- Born: Henry Nelson Goodman August 7, 1906 Somerville, Massachusetts, U.S.
- Died: November 25, 1998 (aged 92) Needham, Massachusetts, U.S.

Education
- Education: Harvard University (BA, PhD)
- Thesis: A Study of Qualities (1941)
- Doctoral advisor: C. I. Lewis

Philosophical work
- Era: 20th-century philosophy
- Region: Western philosophy
- School: Analytic Nominalism
- Institutions: University of Pennsylvania Harvard University
- Doctoral students: Herbert G. Bohnert, Israel Scheffler
- Notable students: Sylvain Bromberger, Noam Chomsky, Sydney Morgenbesser, Hilary Putnam, Stephen Stich
- Main interests: Logic, epistemology, metaphysics, induction, counterfactuals, mereology, aesthetics, philosophy of science, philosophy of language
- Notable ideas: New riddle of induction, Goodman–Leonard calculus of individuals, counterfactual conditional, Goodman's method, languages of art, irrealism

= Nelson Goodman =

American philosopher (1906–1998)

Henry Nelson Goodman (7 August 1906 – 25 November 1998) was an American philosopher, known for his work on counterfactuals, mereology, the problem of induction, irrealism, and aesthetics.

==Life and career==
Goodman was born in Somerville, Massachusetts, the son of Sarah Elizabeth (née Woodbury) and Henry Lewis Goodman. He was of Jewish origins. He graduated from Harvard University, AB, magna cum laude (1928). During the 1930s, he ran an art gallery in Boston, Massachusetts, while studying for a Harvard PhD in philosophy, which he completed in 1941. His experience as an art dealer helps explain his later turn towards aesthetics, where he became better known than in logic and analytic philosophy. During World War II, he served as a psychologist in the US Army.

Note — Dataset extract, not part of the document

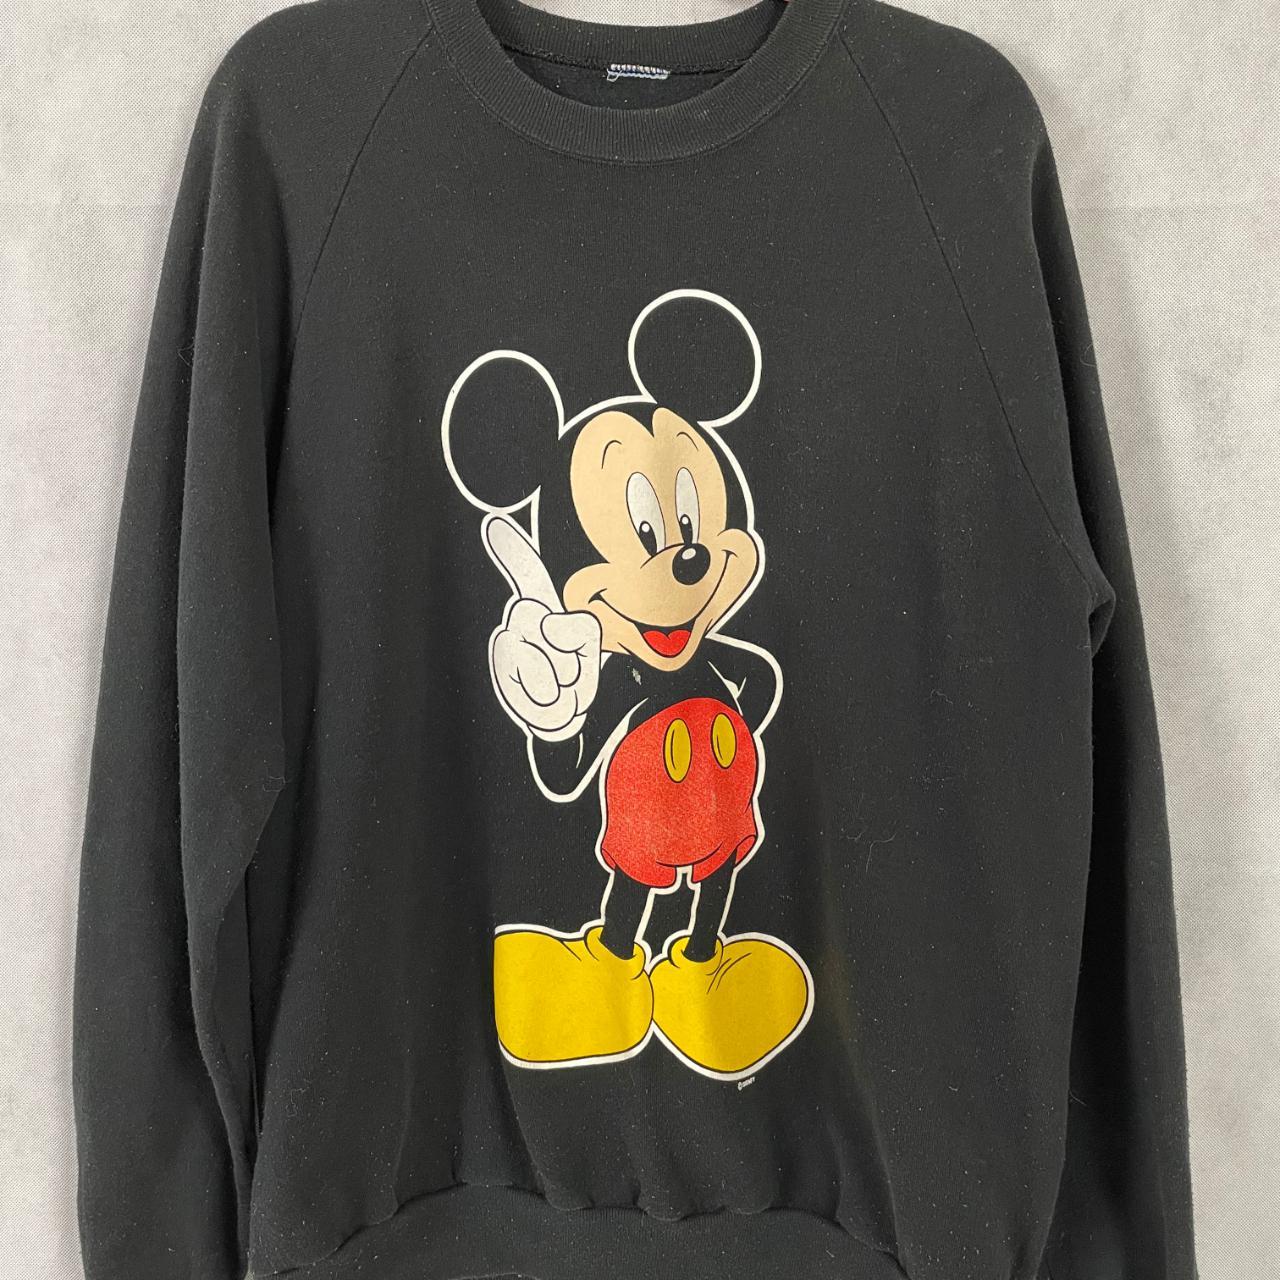 Vintage 80's Mickey Mouse Sweatshirt. I believe it... - Depop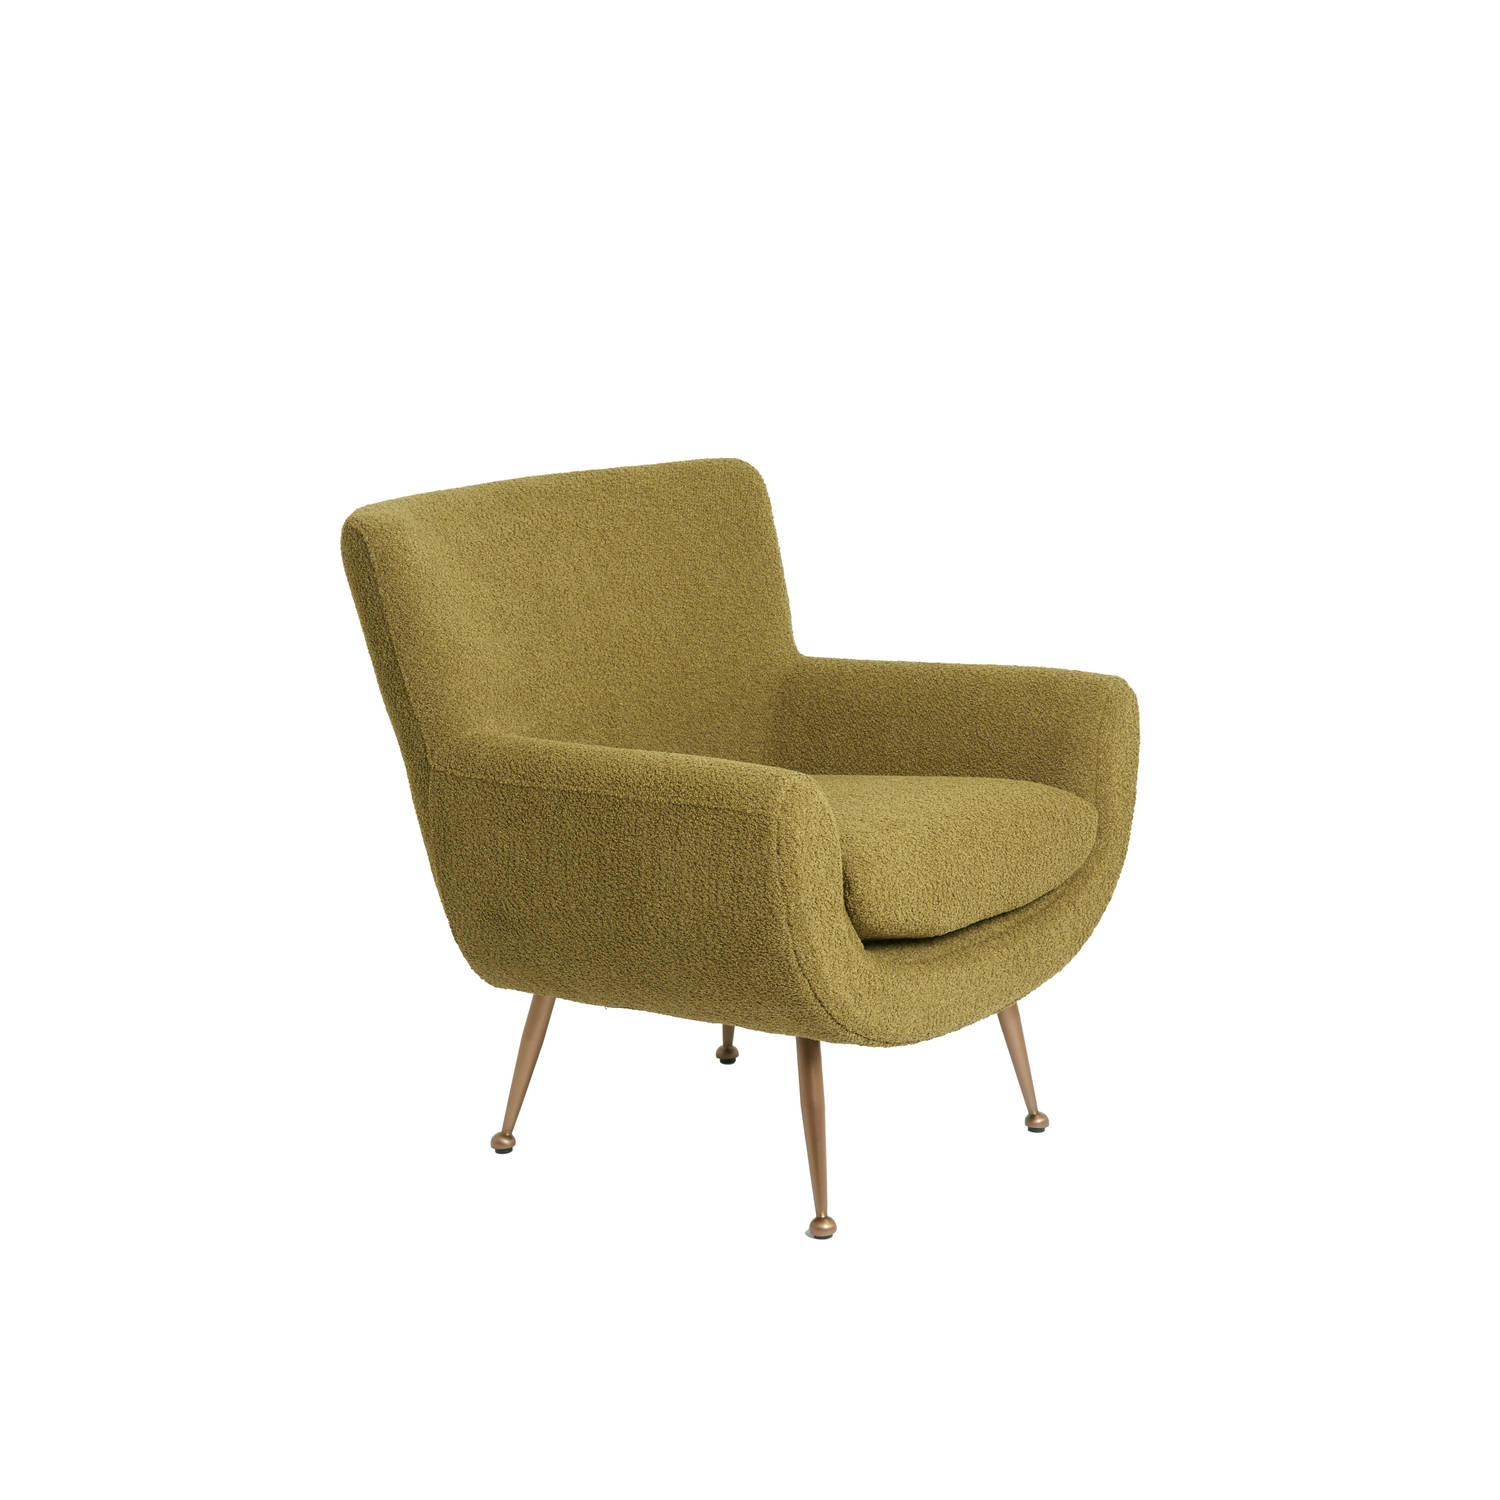 Light & Living Vinstra fauteuil bouclÃ© groen|brons

He taught at the University of Pennsylvania, 1946–1964, where his students included Noam Chomsky, Sidney Morgenbesser, Stephen Stich, and Hilary Putnam. He was a research fellow at the Harvard Center for Cognitive Studies from 1962 to 1963 and was a professor at Brandeis University from 1964 to 1967, before being appointed Professor of Philosophy at Harvard in 1968.

In 1967, at the Harvard Graduate School of Education, he was the founding director of Harvard Project Zero, a basic research project in artistic cognition and artistic education. He remained the director for four years and served as an informal adviser for many years thereafter.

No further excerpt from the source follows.